Let me finish, by expressing the hope that the people who care about these foundational issues and problems, make some effort to go beyond repeating these issues, and proceed to inform themselves by focusing on genuine attempts to resolve them in the published literature in econometrics and related fields.

Comment by Aris Spanos— 18 December, 2016 #

Aris, thanks for sharing your views on these important subjects with us. It’s especially pleasing since I have read most of your published work for the last 20 years and know they are of the highest quality. That said, there obviously are issues on which we disagree — some of which I have been discussing with Judea Pearl, and that seem to be related to the critique put forward by David Freedman (a critique that already since the 80s have influenced my own evaluation of statistical inference and econometrics profoundly). I will be back with a post (and try to entice you especially to show in which way Keynes’ critique has been “answered”).

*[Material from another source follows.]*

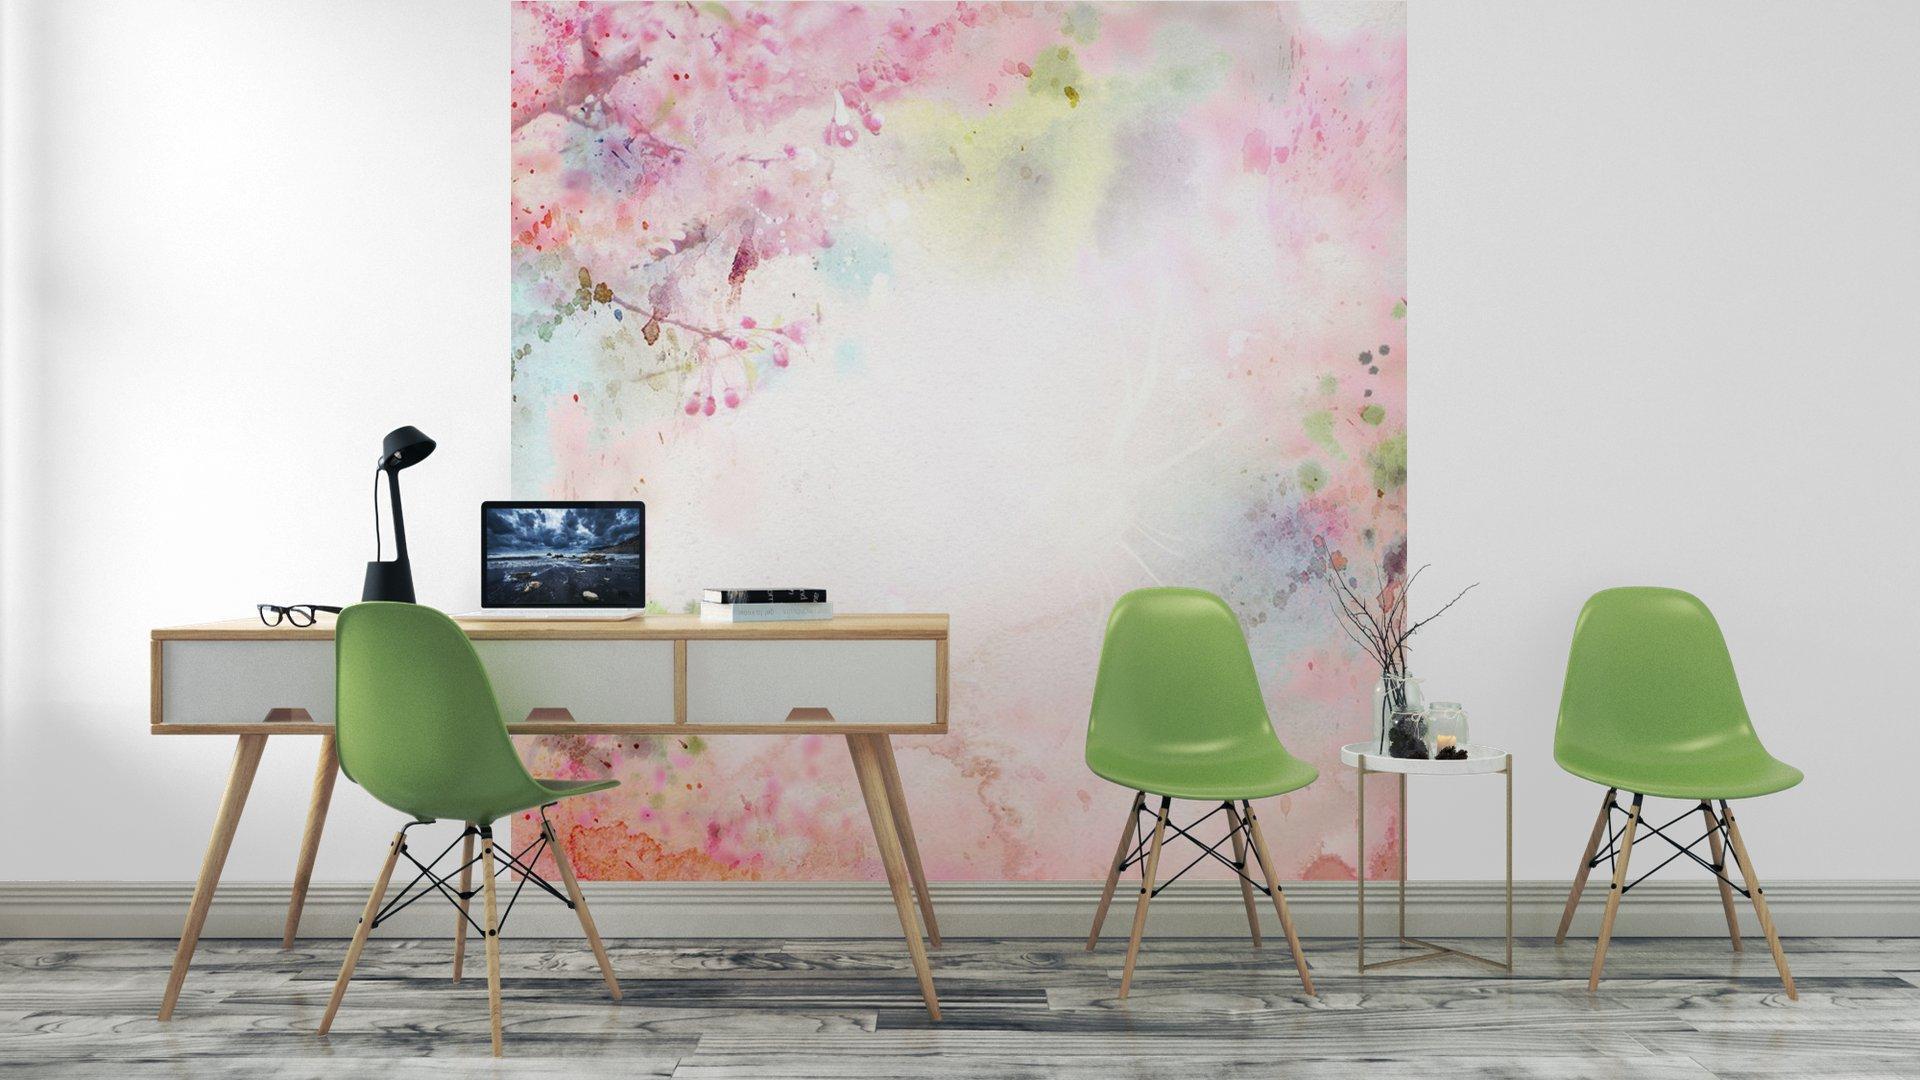 ACUARELA DE FONDO ESCÉNICO COMPOSICIÓN FLORAL SAKURA4 - Fotomural Tapiz Composición Floral Sakura Tipo Acuarela

Comment by Lars Syll— 18 December, 2016 #

“Hence, upon the completion of my Ph.D. I wrote a book entitled “Statistical Foundations of Econometric Modelling”, CUP, 1986, whose primary aim was to demonstrate that one can specify statistical models using probabilistic assumptions based exclusively on the observable stochastic process underlying the observed data, and not the unobservable error process!”

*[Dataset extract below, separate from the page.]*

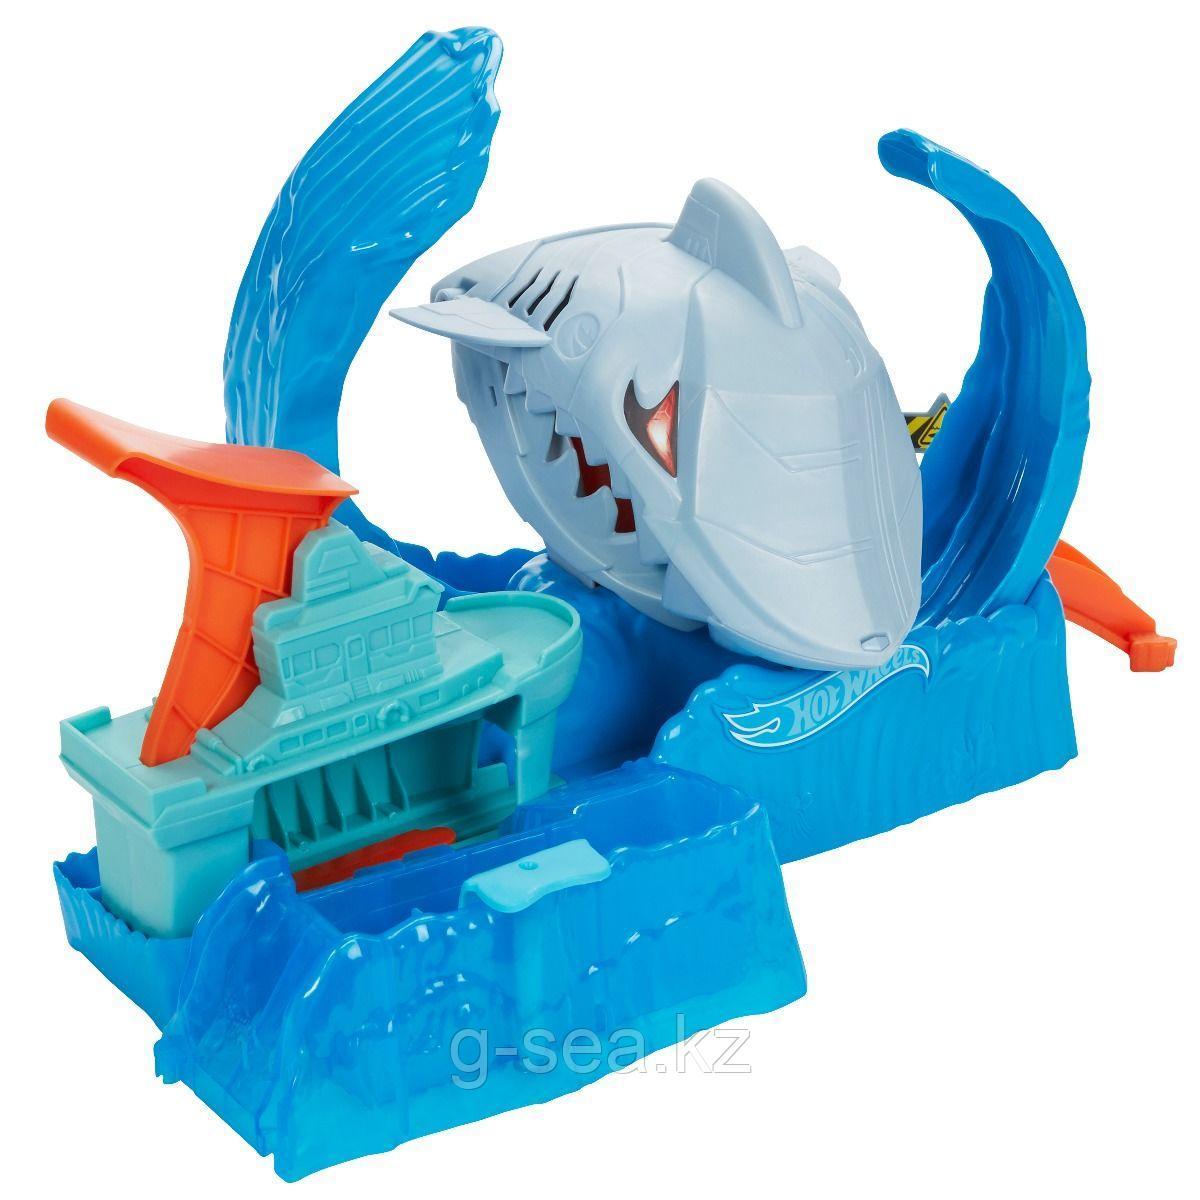 Hot Wheels: City. Игровой набор Ледяная акула

Prof. Spanos, according to Google Books, your 1986 book doesn’t mention anywhere “sensitivity to initial conditions”, “Lorenz”, “logistic map”, etc., all topics which were “hot” in 1986, and which would seem on their face to have straightforward applicability to many questions in econometric modeling.

I’d be very curious to know to what extent you saw relevance then, and how your thinking may have evolved since.

Comment by Michael Robinson— 18 December, 2016 #

Michael, my aim at the time was not to write an encyclopedic book on empirical modeling and inference that includes all the latest developments.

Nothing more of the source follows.